State Management and the Persistence Problem

State management is the engineering problem of keeping track of where the agent is in a complex, multi-step workflow across interruptions, failures, and restarts. An agent that is interrupted mid-workflow — by a system timeout, a human-in-the-loop checkpoint, or an unexpected error — must be able to resume from where it left off without re-executing steps that have already been completed, without losing the context accumulated so far, and without violating the invariants of the workflow's state machine. This is a harder problem than it appears, because the state of an agent run is not just a set of values — it includes the model's internal state (which cannot be serialized directly), the pending tool calls (which may have side effects that cannot be safely retried), and the conversation history (which may contain sensitive information that must be stored with appropriate access controls).

LangGraph's persistence layer addresses this problem through a checkpoint architecture: at each node in the execution graph, the full state is serialized and stored in an external store (PostgreSQL, Redis, or a cloud-native equivalent). If execution is interrupted, it can be resumed from the most recent checkpoint without re-executing prior steps. This checkpointing architecture also provides the foundation for the forensic trail required by the EU AI Act's Article 12 logging obligations: the checkpoint store is, in effect, a complete record of every state the agent passed through during its execution, which is exactly what an auditor needs to reconstruct the sequence of events that led to a particular outcome.

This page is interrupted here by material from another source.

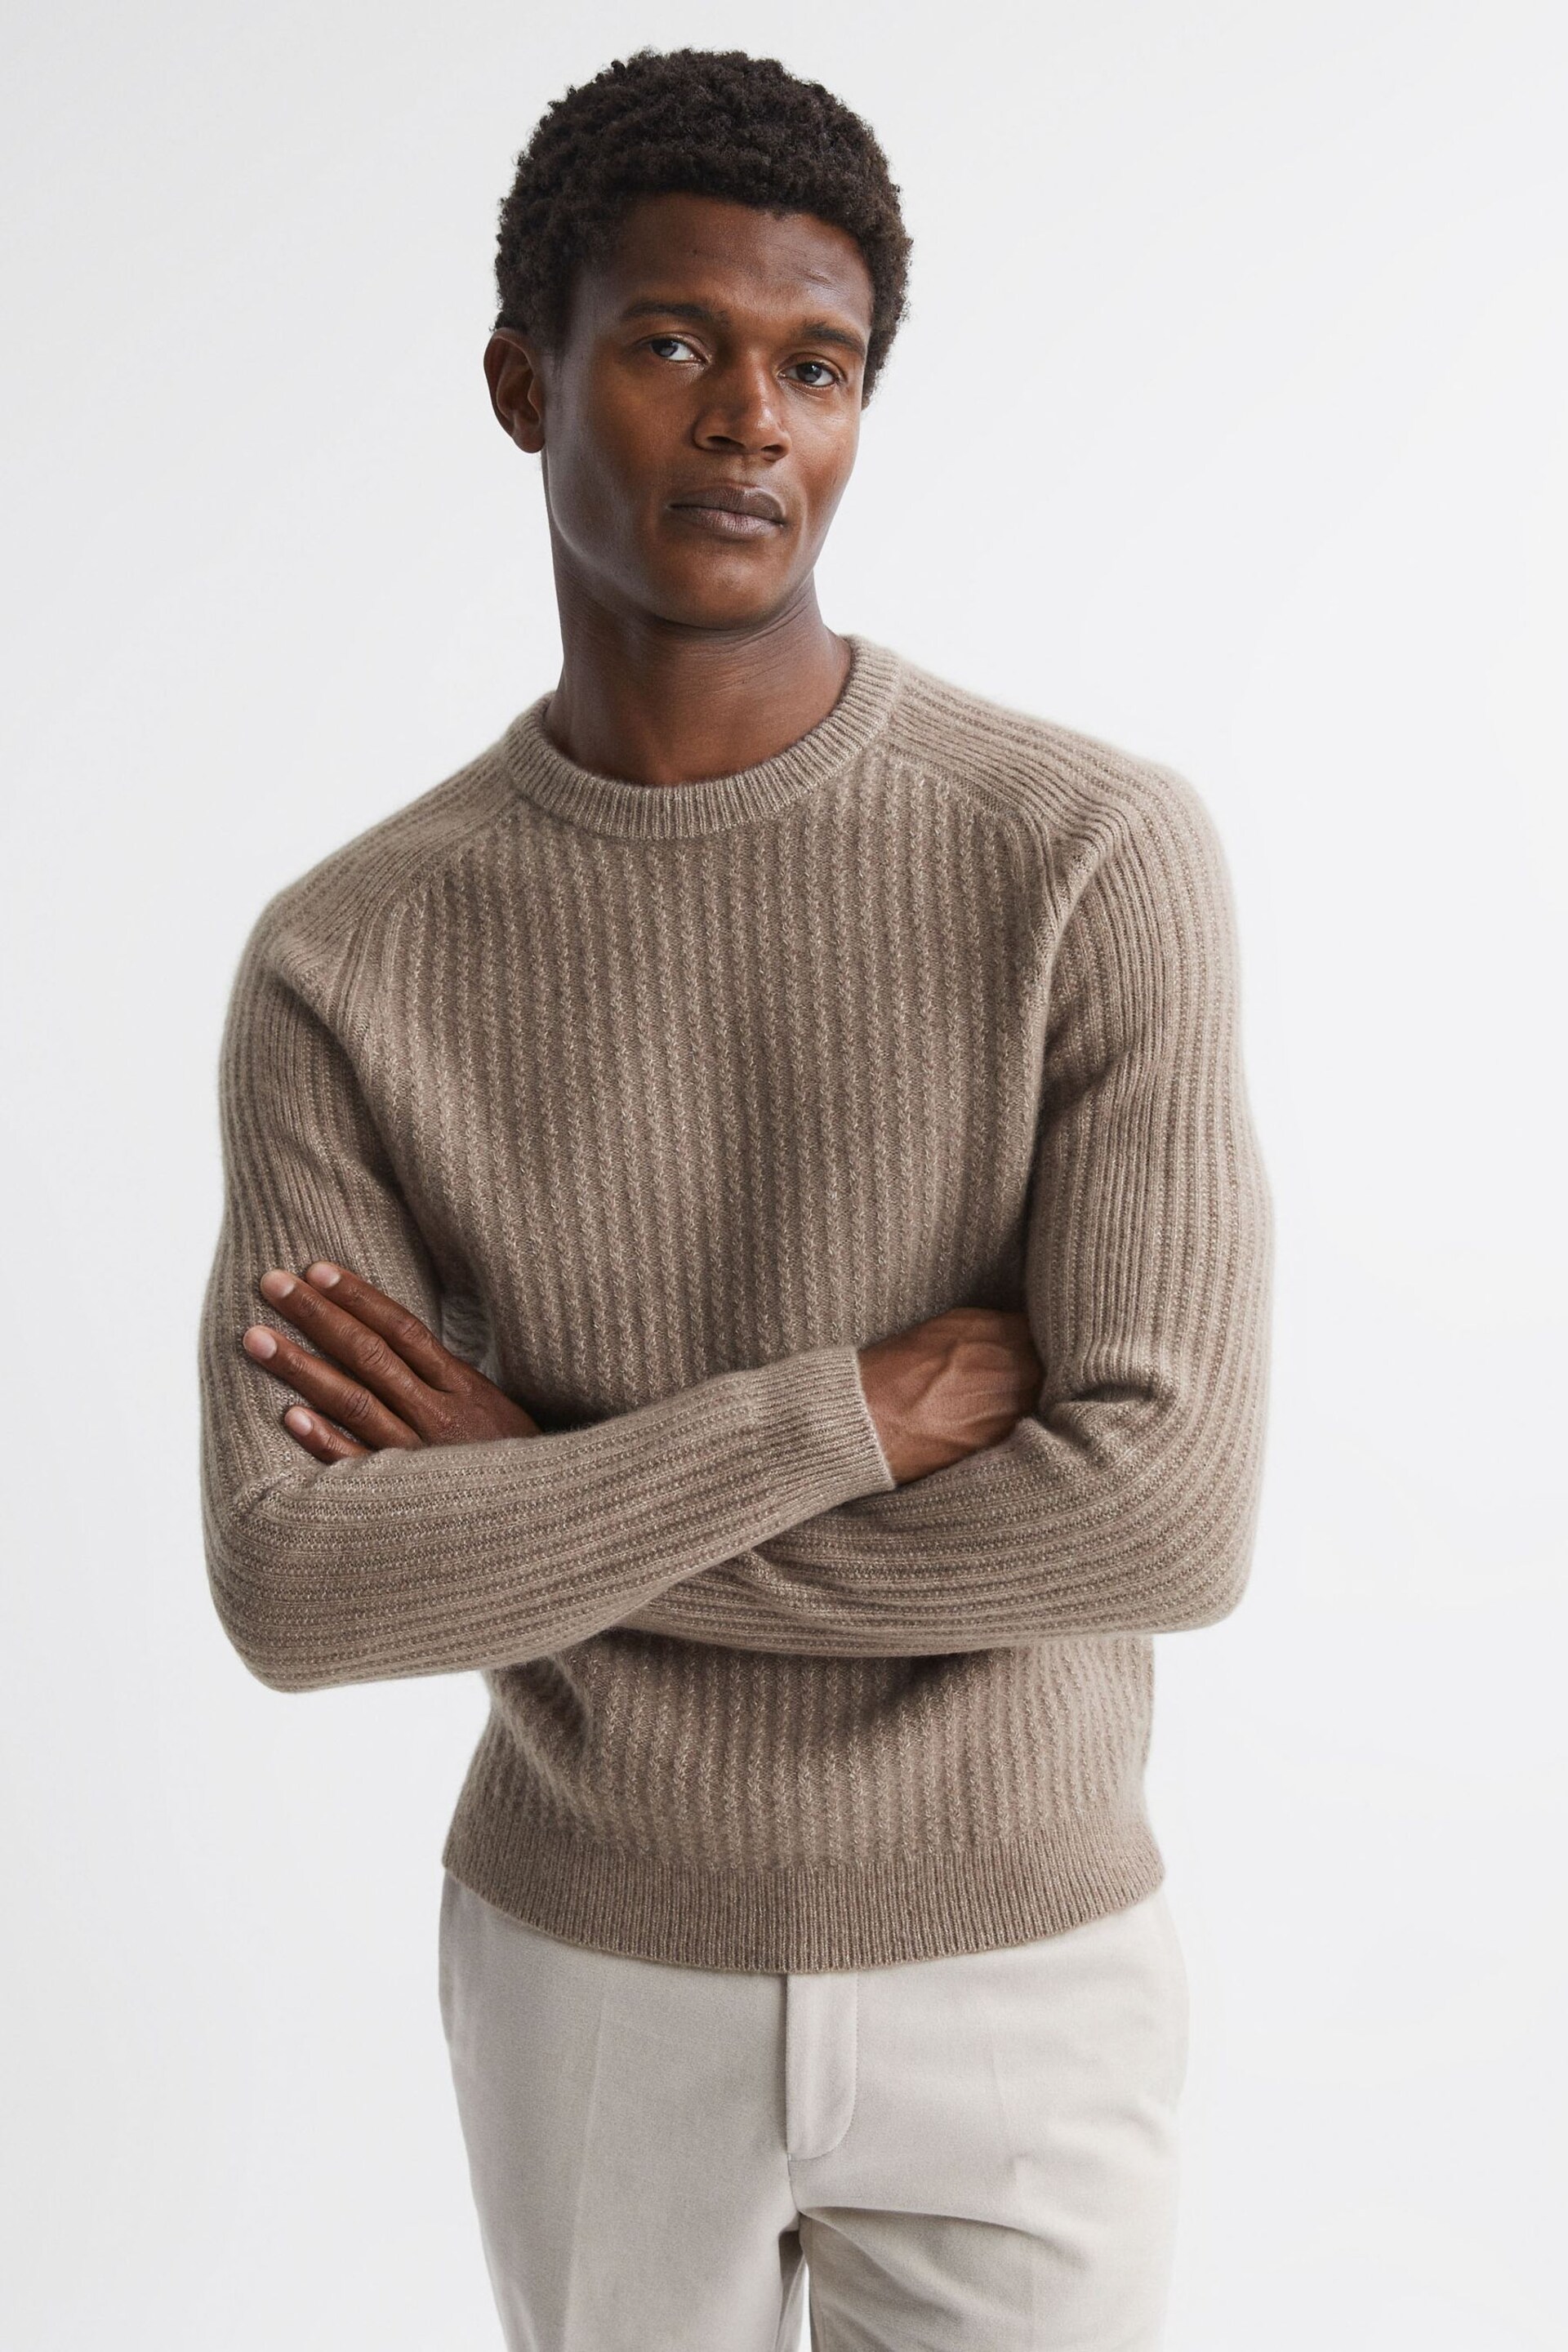 Reiss Mouse Melange Millerson Wool-Cotton Textured Crew Neck Jumper - Image 1 of 5

Memory Security and Data Governance

Memory stores are high-value targets for adversaries. An agent's vector store typically contains a condensed, semantically indexed representation of the organization's most important information — exactly the kind of information that an adversary wants to exfiltrate. Access controls on memory stores must be at least as rigorous as access controls on the source documents, and in practice they should be more rigorous, because the vector store's semantic indexing makes it easier to extract information efficiently than from the source documents themselves.

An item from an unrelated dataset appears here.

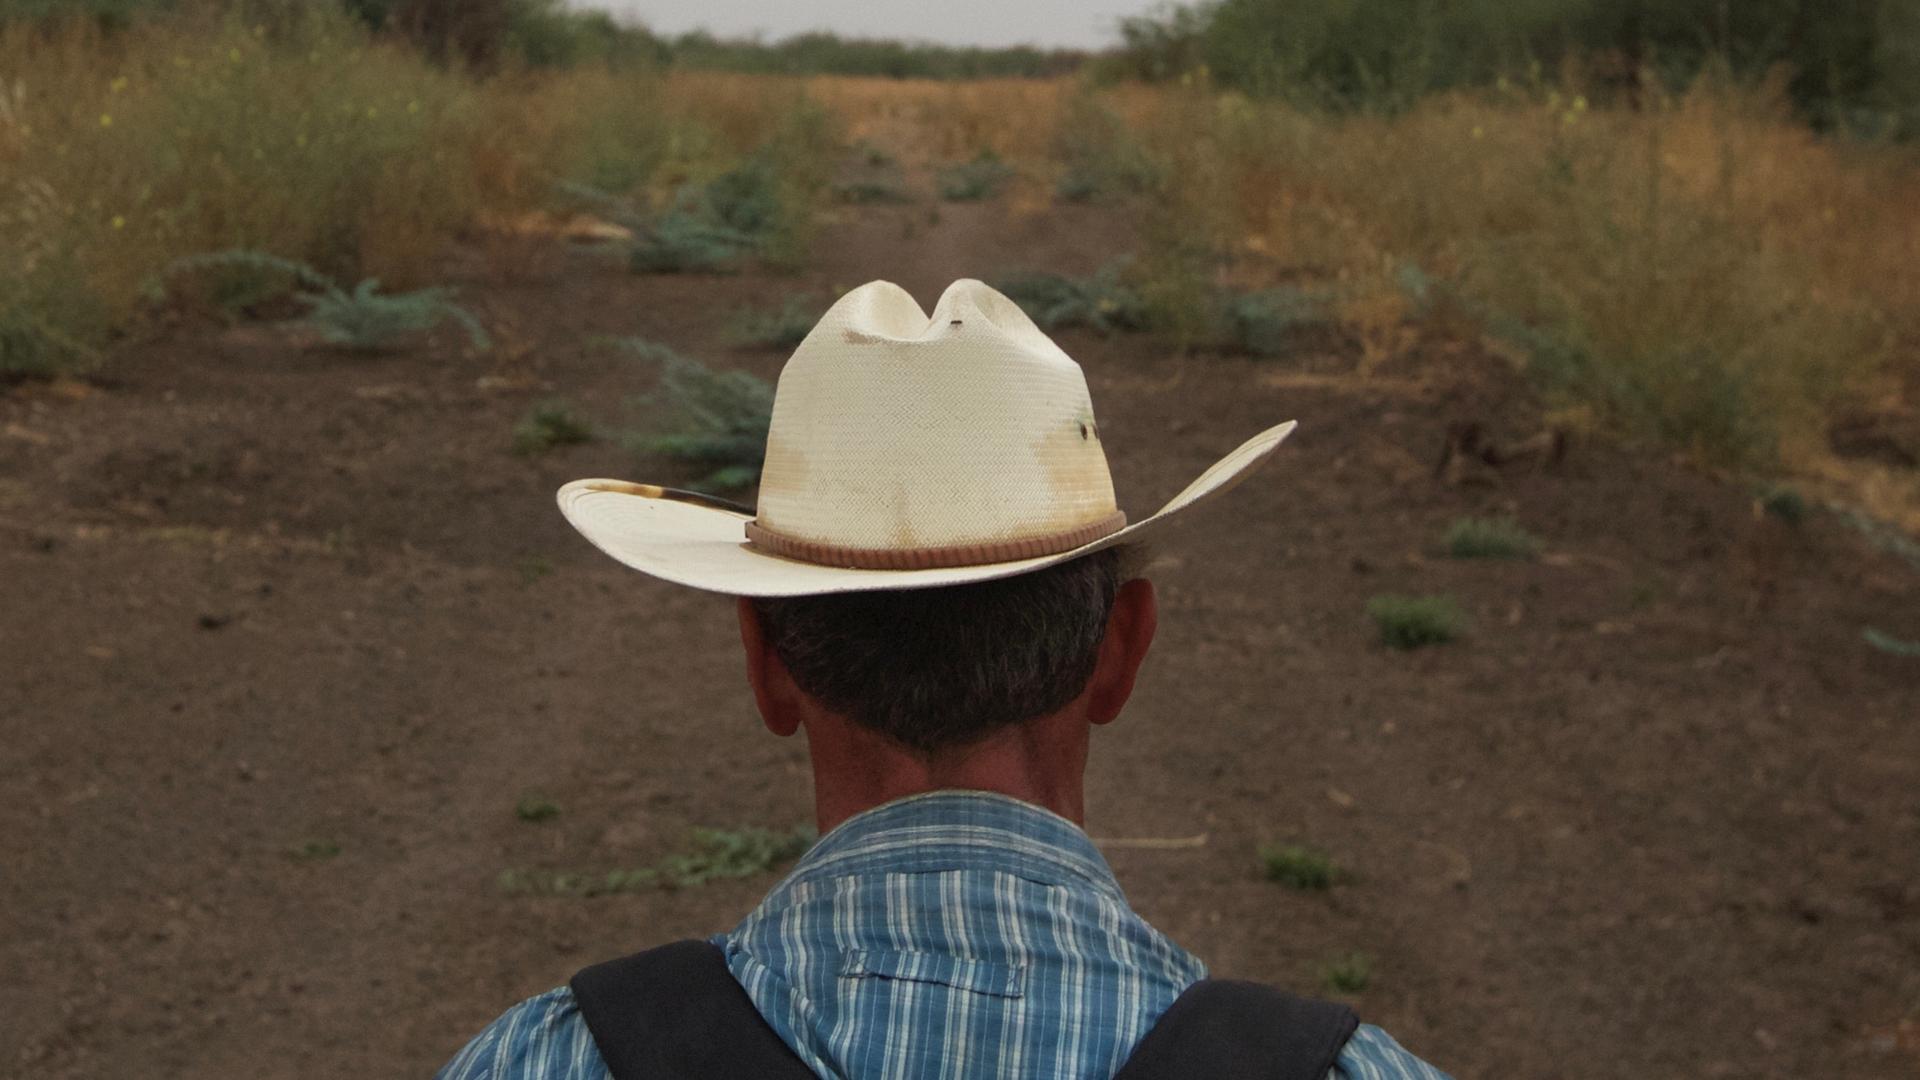 A back shot of a man wearing a bookbag and hat looking into a grass pathway

The specific attack known as memory poisoning — where an adversary injects crafted content into the agent's memory store with the intention of influencing its future behavior — is a significant and underappreciated threat. A prompt injection attack that succeeds in getting malicious instructions into the agent's episodic or external memory store is more dangerous than one that affects only a single run, because its effects persist across all subsequent runs that retrieve the poisoned content. Defense against memory poisoning requires both technical controls (input validation, anomaly detection on memory writes, human review of episodic memory updates) and architectural controls (separation between the agent's read path and write path, with stronger authentication required for writes).

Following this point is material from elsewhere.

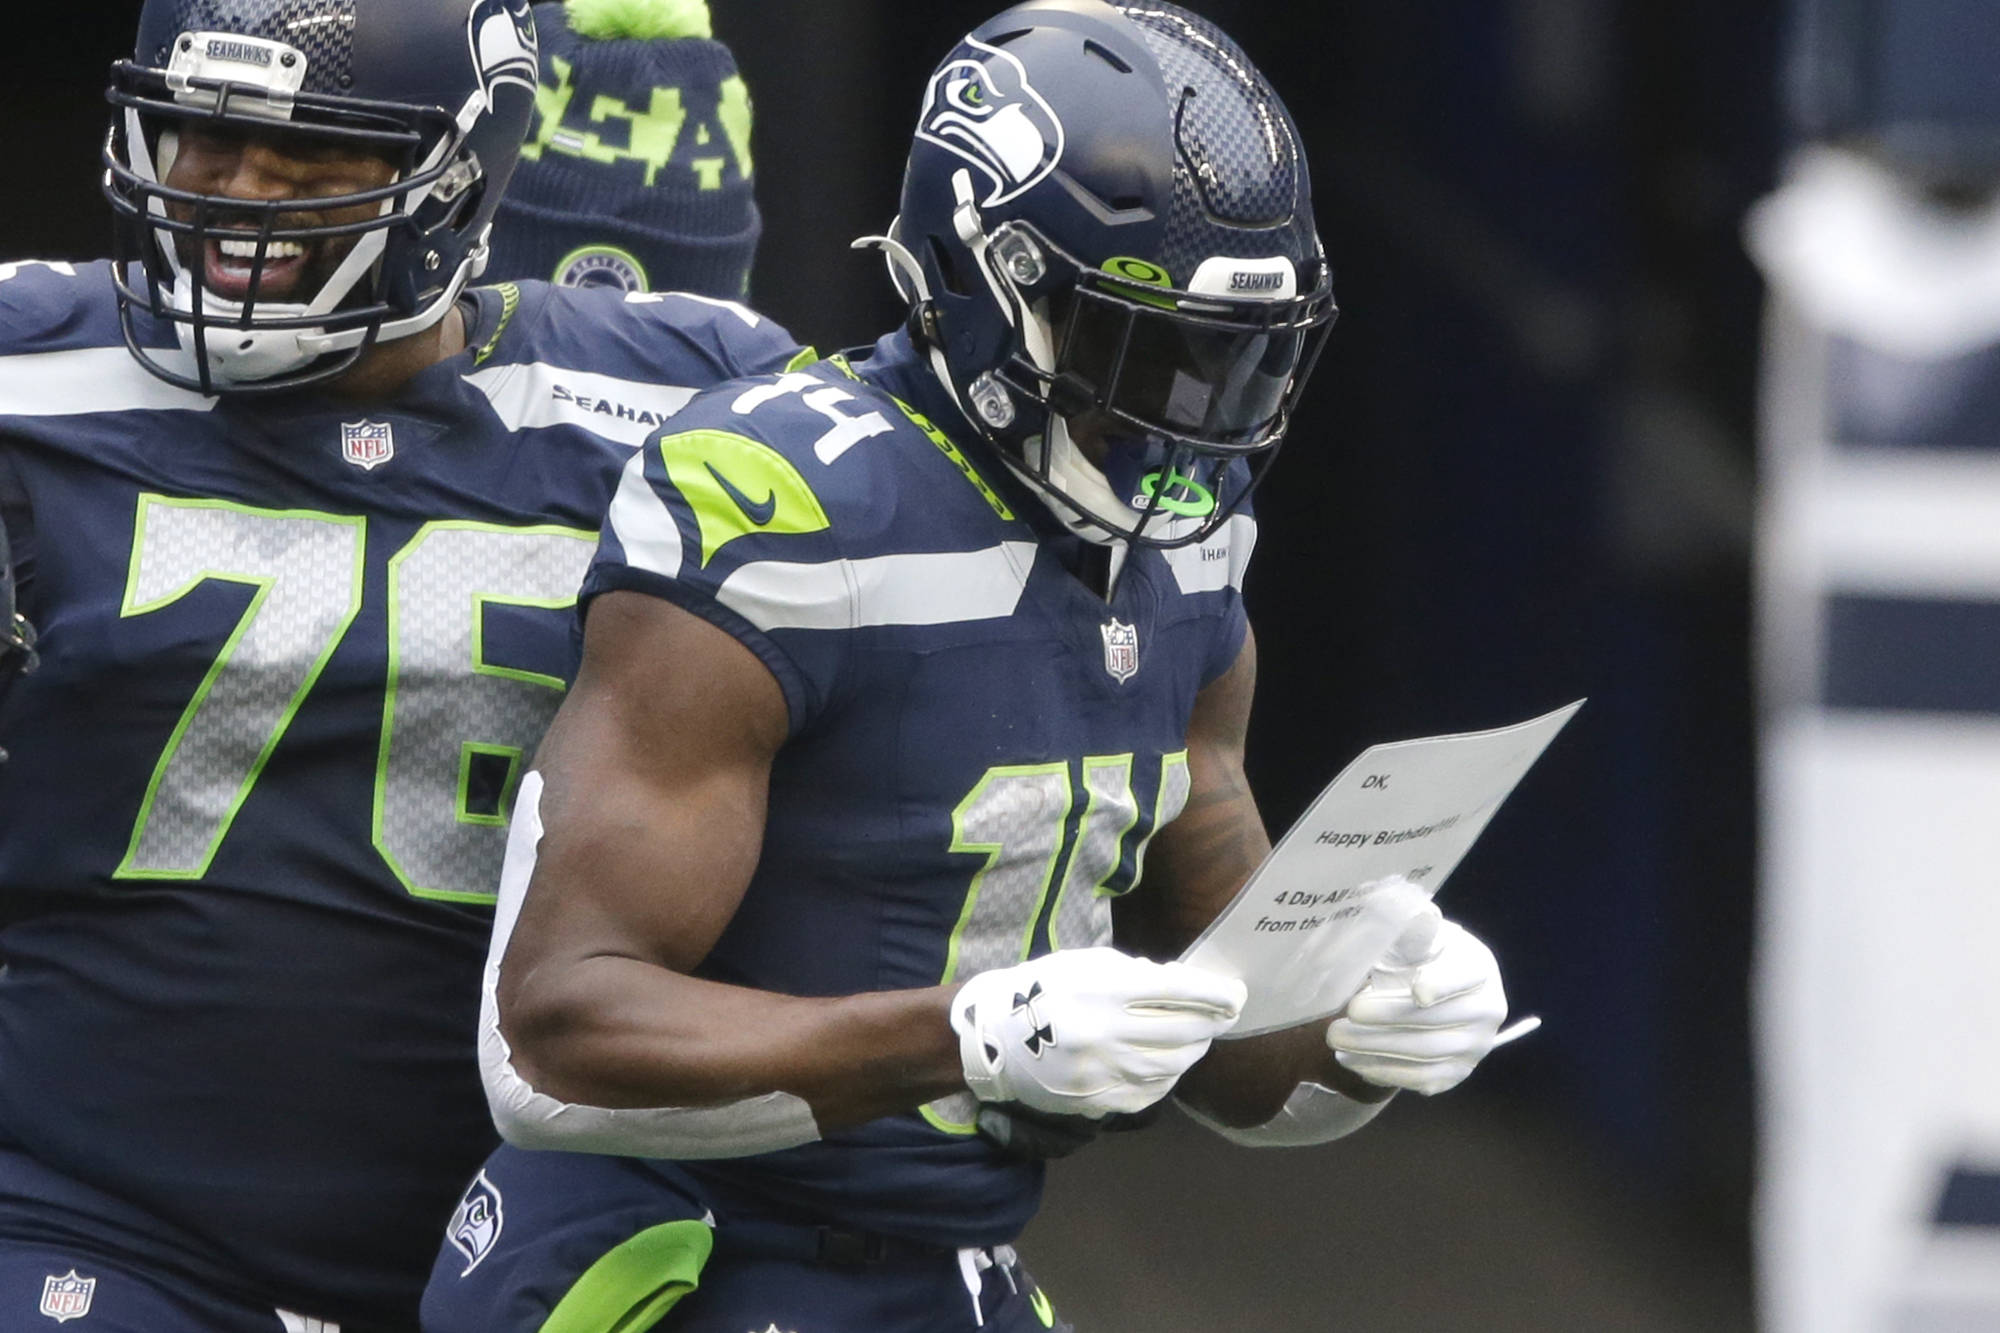 Seattle Seahawks wide receiver DK Metcalf reads a birthday note handed him by his teammates after he scored a touchdown against the New York Jets during the first half Sunday at Lumen Field. (AP Photo/Lindsey Wasson)

The Context Window Is Not Memory

A common misconception in early agentic deployments is that a large context window solves the memory problem. It doesn't. A 200K-token context window is large enough to hold a small book, but it is not large enough to hold the accumulated interaction history of a production agent running thousands of tasks per month. More importantly, stuffing the context window with everything the agent might possibly need is expensive (every token costs money), slow (inference latency scales with context length), and often counterproductive (models that receive more context than they need frequently exhibit degraded performance on the task at hand). Effective memory architecture selects what goes into the context window, it doesn't attempt to make the context window large enough to hold everything.